В конце, однако, Бланко вскакивает на стол и произносит проповедь. Проповедь отчасти шутовская и нередко прерывается смехом, но в ней также есть боль и экстаз. «Почему ребенок умер? – вопрошает Бланко суд. – Почему Он заставил меня пожалеть дитя, если Сам обошелся с ним так жестоко? Почему Он так жесток с невинным малышом и так мягок с такой мразью, как я? <…> Я вел дрянную игру, но со мной сыграли отличную шутку». Шумная толпа, названная Шоу просто «ребятами» (boys. – Примеч. пер.), кричит «Ура!» над трупом невинного ребенка и отправляется праздновать в салун. Выпивка за счет Бланко. Конец этой странной маленькой пьесы – скорее в духе Достоевского, чем Толстого: ближе к тому, как после похорон Илюши Алеша Карамазов обещает мальчикам блины, нежели к потрясению и трепету, которые вызывает покаяние Никиты на свадьбе Акулины. Однако Шоу был убежден, что Толстому пьеса понравится.
Письмо Шоу Толстому о «Бланко Поснете» и ответ Толстого, написанный за полгода до смерти, возвращают нас к их непримиримым разногласиям по поводу Шекспира и задач драматургии. Здесь я обращусь только к одной детали в их последнем обмене письмами, относящейся к праведному Акиму и покаянию Никиты у Толстого. В пространном письме Толстому от 14 февраля 1910 года Шоу повторил философскую идею «Человека и сверхчеловека»: «…бога пока еще не существует, но есть созидающая сила, постоянно стремящаяся развить исполнительный орган божественного знания и божественной власти…» [Шоу 1989: 297]. На фоне всей нашей творческой эволюции смерть маленького мальчика в «Бланко Поснете» могла бы показаться злом, которое суждено преодолеть человечеству. Но Шоу более всего интересует Митрич, второстепенный персонаж, занявший центральное место в «моменте обращения» во «Власти тьмы» (акт 5, сцена X). Вокруг этого «заблудущего» бывшего воина выстраивается весь нравственный урок крестьянской драмы Толстого. Что это за урок?
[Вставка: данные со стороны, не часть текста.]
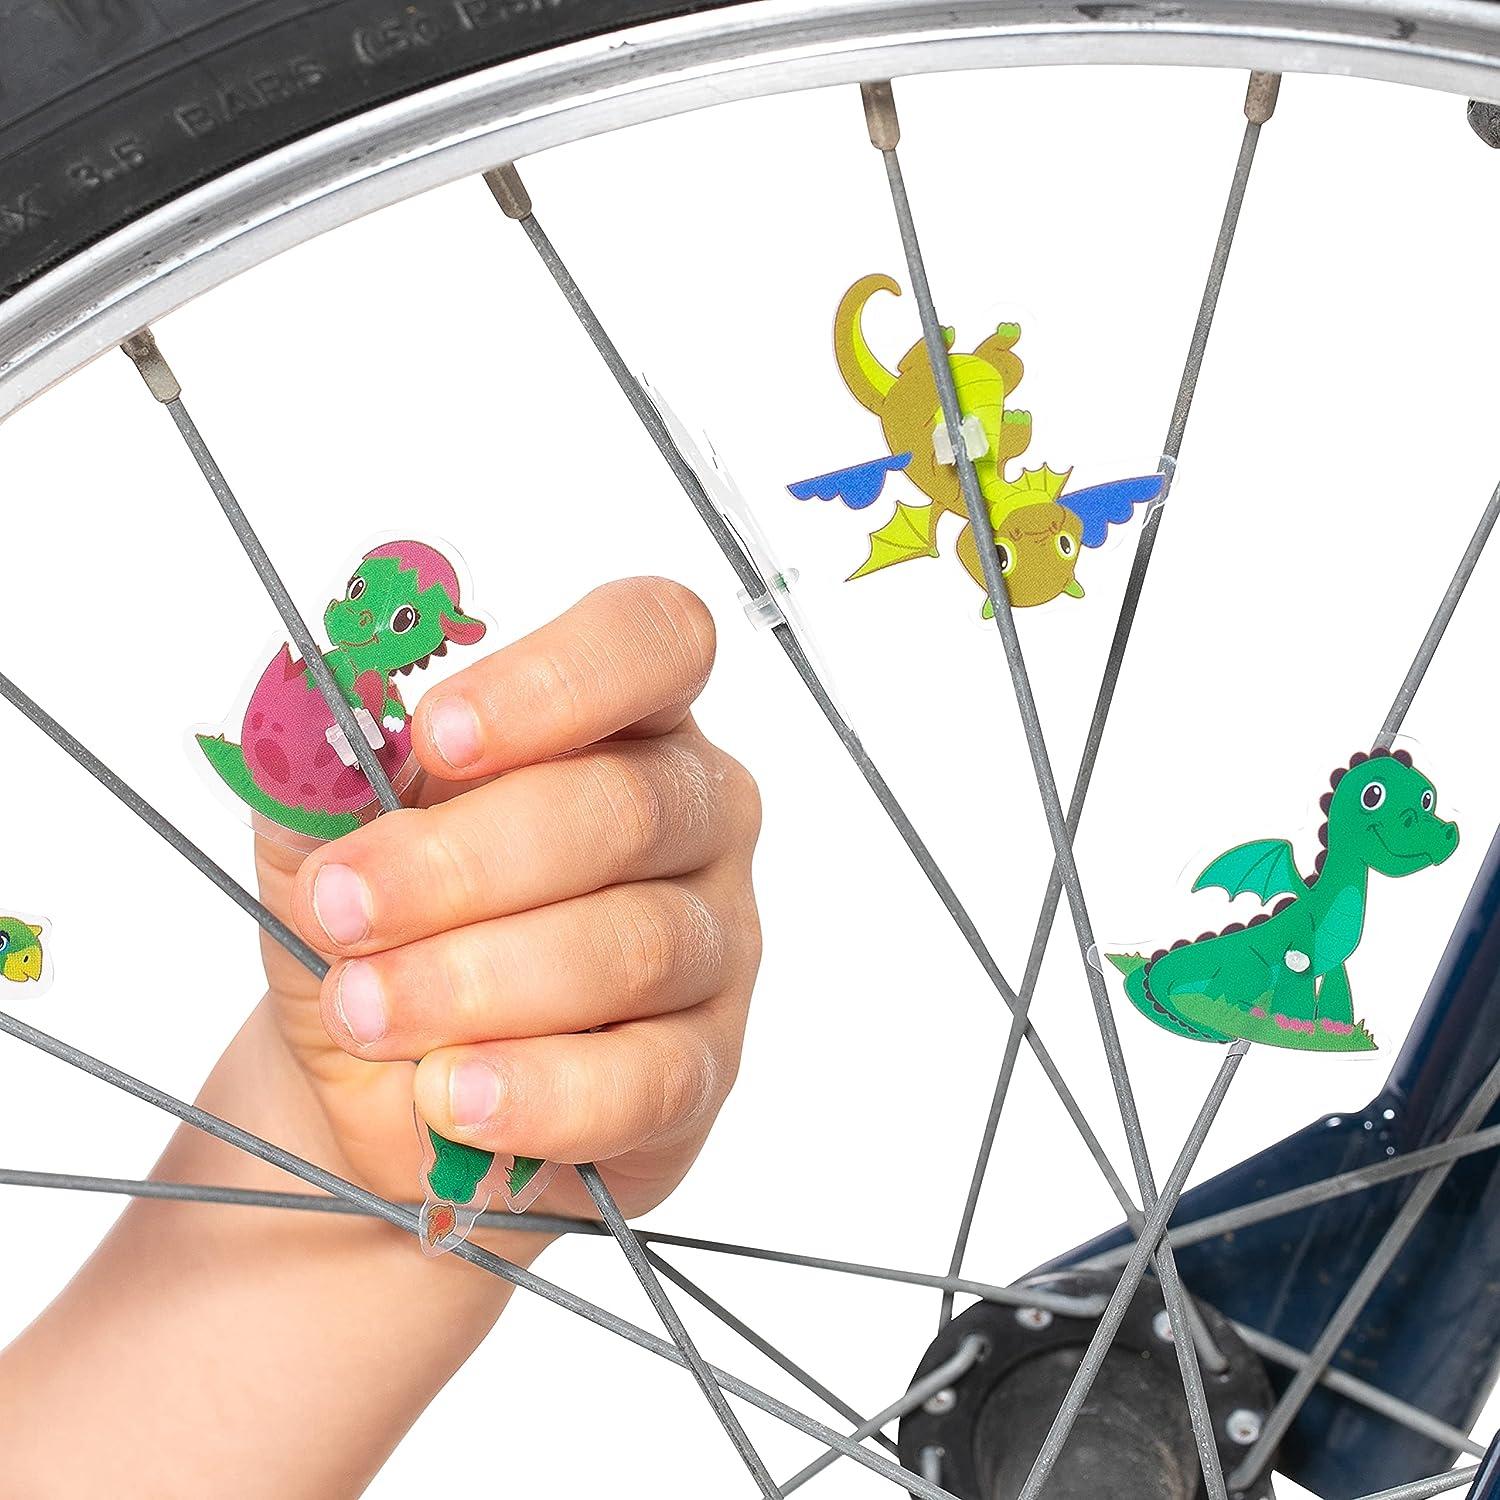 Bike Wheel Dinosaurs Spokes - 36 Kit - Cute Biking Accessories for Kids - Bicycle  Spokes Decorations - Cool Cycling Gear Gift for Boys - Spoke Beads  Attachments - Dinosaurs Easter Egg Stuffers

Шоу не смущается объяснить это Толстому: «увещевания набожного старика отца, при всей его правоте, никак не могут пронять его сына, они лишь сердят его да отнимают у него последние крохи самоуважения. Но чего не мог сделать набожный и добродетельный отец, делает старый греховодник отставной солдат, как будто его устами глаголет глас Божий» [Шоу 1989:296]. Именно Митрич, грешник с «гласом Божиим», придал Никите сил исповедаться.
«Для меня, – писал Шоу, – сцена, где эти двое пьяниц [Никита и Митрич] валяются на соломе и старый негодяй помогает молодому подняться над собственной трусостью и эгоизмом, обладает такой впечатляющей силой, какой просто не может обладать сцена сугубо романтическая…» Далее Шоу благодарит Толстого за этот момент: «в “Бланко Поснете” я на свой собственный манер использовал этот пласт драматического материала, который Вы первым открыли для современных драматургов» [Шоу 1989: 296]. Аким бессилен. Во «Власти тьмы» только падший Митрич может возродить падшего Никиту, и в пьесе Шоу точно так же только богохульствующий грешник Бланко может возродить лжесвидетельствующую Фими[158]. И так же, как «Бланко не хочет быть похожим на своего [благочестивого] брата», утверждает Шоу, никто из нас не желает «быть подобием своих отцов, поскольку по замыслу мироздания мы должны быть подобием Бога» [Шоу 1989: 297].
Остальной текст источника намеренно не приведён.